Boat-building, in addition to being an art and a science, is also a very tedious undertaking. Says Bert: “You have to search the bushes for the timber. You gotta look for a good size that you can shape. It’s hard work just to go in the bush and get it. Each timber is different – a boat is not like a house. A boat has proportions.”
And three generations of the Knowles family of Mangrove Bush have developed an eye for those proportions like no other. Bert reveals: “Some of the other settlements used to build boats but not like us. My daddy and my uncle started when they were young. Other fellas build couple boats in-between. But Mangrove Bush is the capital of boat-building. You wanna fast boat, you go to Mangrove Bush.” Bert was born in Mangrove Bush on July 27,1942. He spent a short time in George Town Primary School but finished his schooling at Mangrove Bush at age 14. “There was nothing to do around here except for pot hole farming. I did some of that before starting work on mail boats and in 1960, I went to work Diamond Crystal Salt Farm as a heavy equipment operator,” he recalls. “I got married when I was 21. I have four children, Bernard, Barry, Ben and Muriel.” In the early 1970s, Bert ventured in farming on a grander scale, cultivating some 20 acres and invested in a tractor and trucks which he offered to other farmers as well. He grew bananas, vegetables and pineapples which were sold to hotels and wholesalers in Nassau.

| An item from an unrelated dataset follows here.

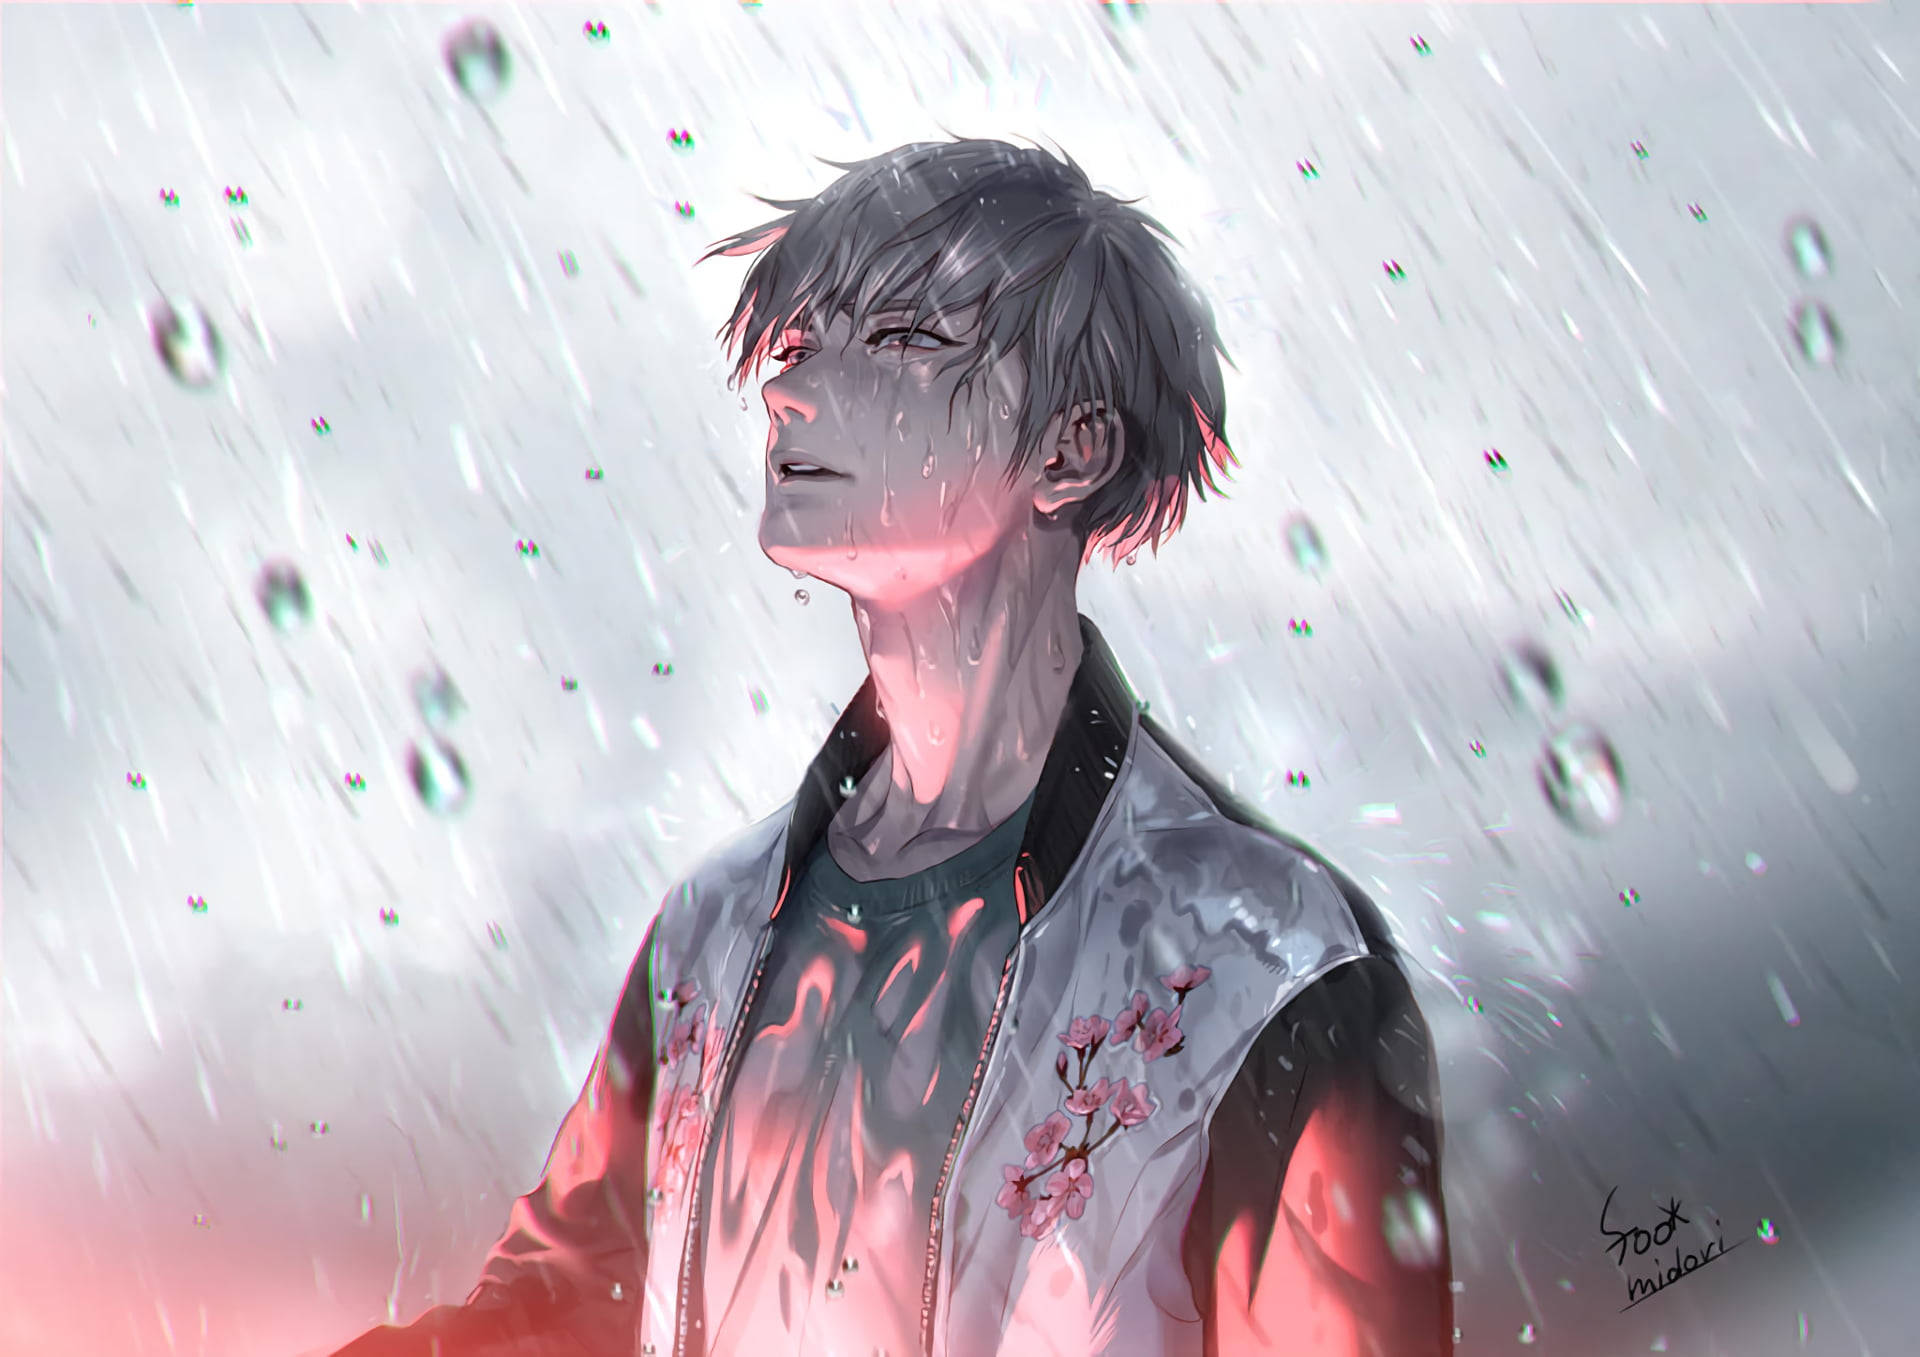 Alone Sad Anime Boys Soaked In The Rain Wallpaper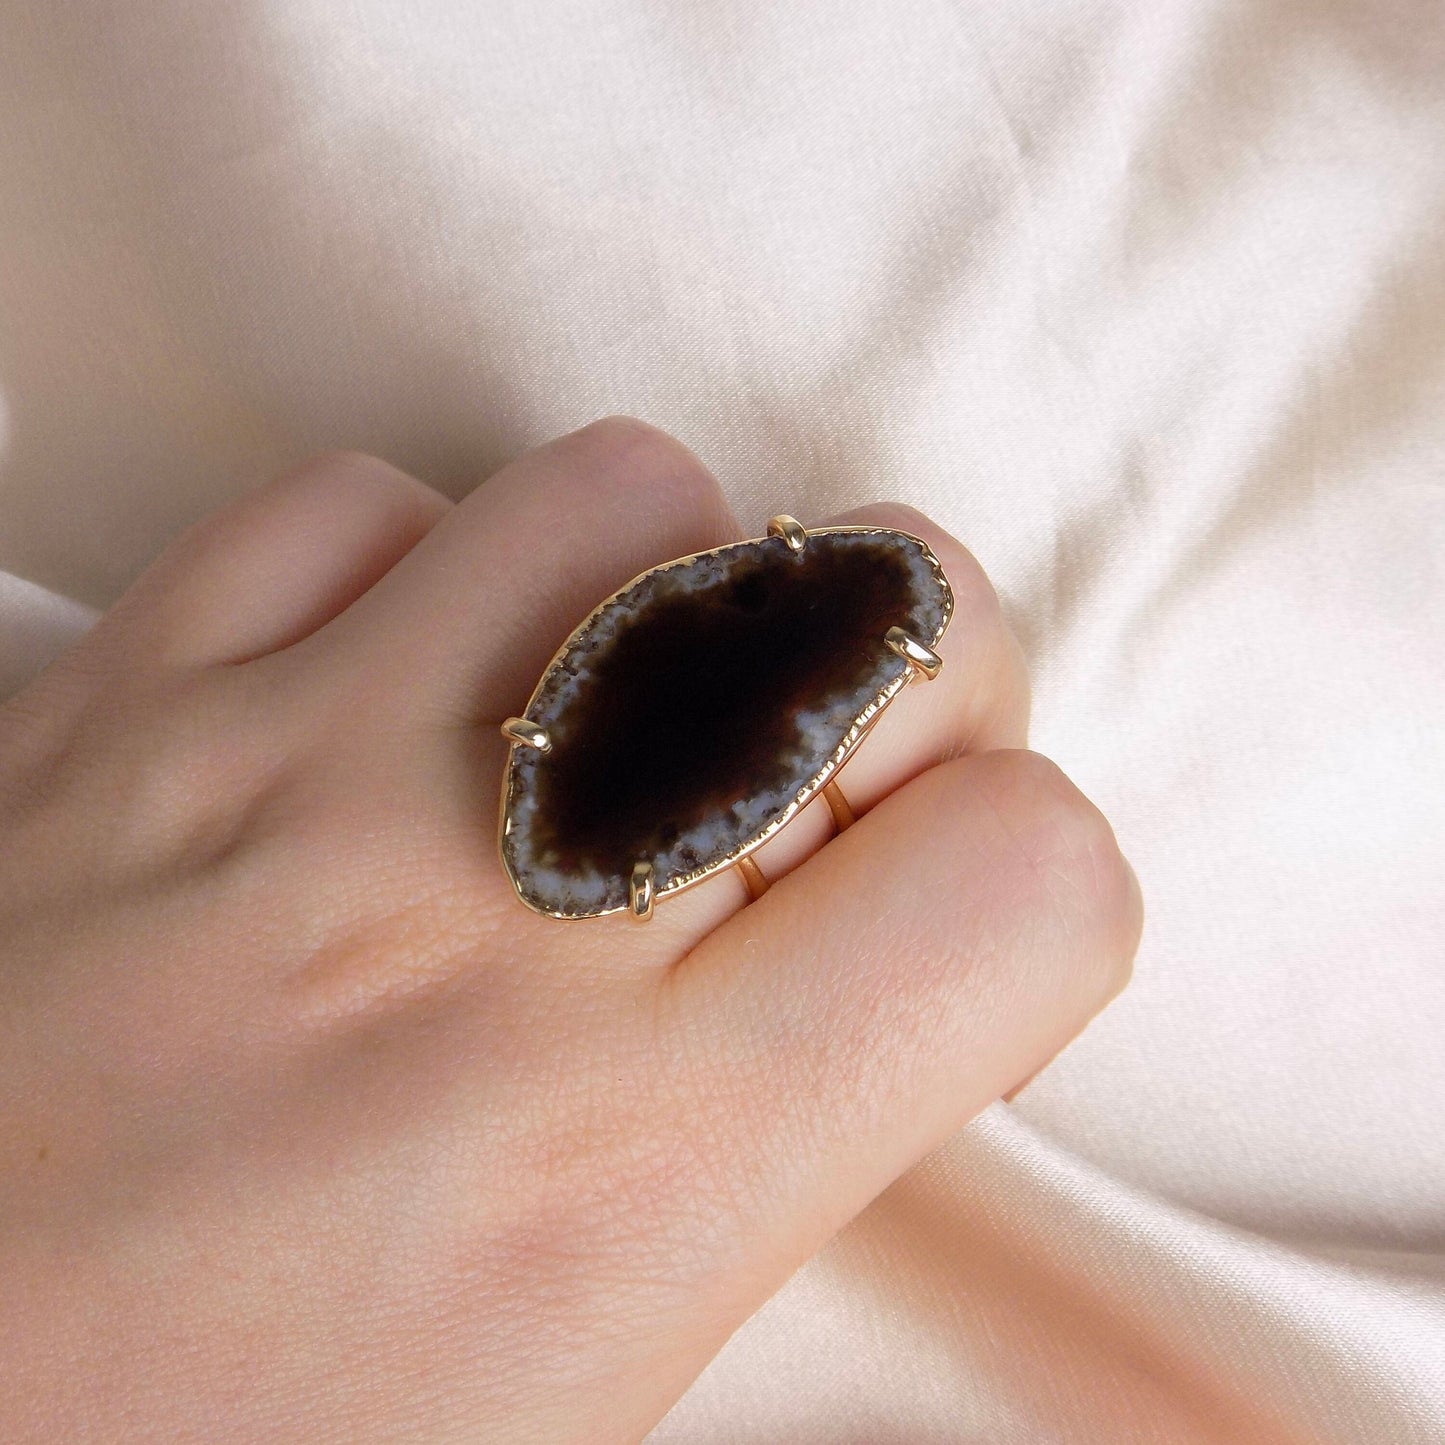 Boho Agate Ring Black, Natural Geode Ring Adjustable, Large Crystal Ring, Gift Women, G15-84

Bert is semi-retired, but in addition to building the Muriel 2, he has a mini-resort complex overlooking the ocean in Clarence Town.
No one would deny the contributions his father and he have made to the social and economic well-being of Mangrove Bush.
Bert, however, throws modesty out of the window when he offers: “I think I did more for Long Island as one man than the rest of Long Islanders put together. You know, helping out, making things happen like the regattas, building boats for regattas, getting tractors for the farms.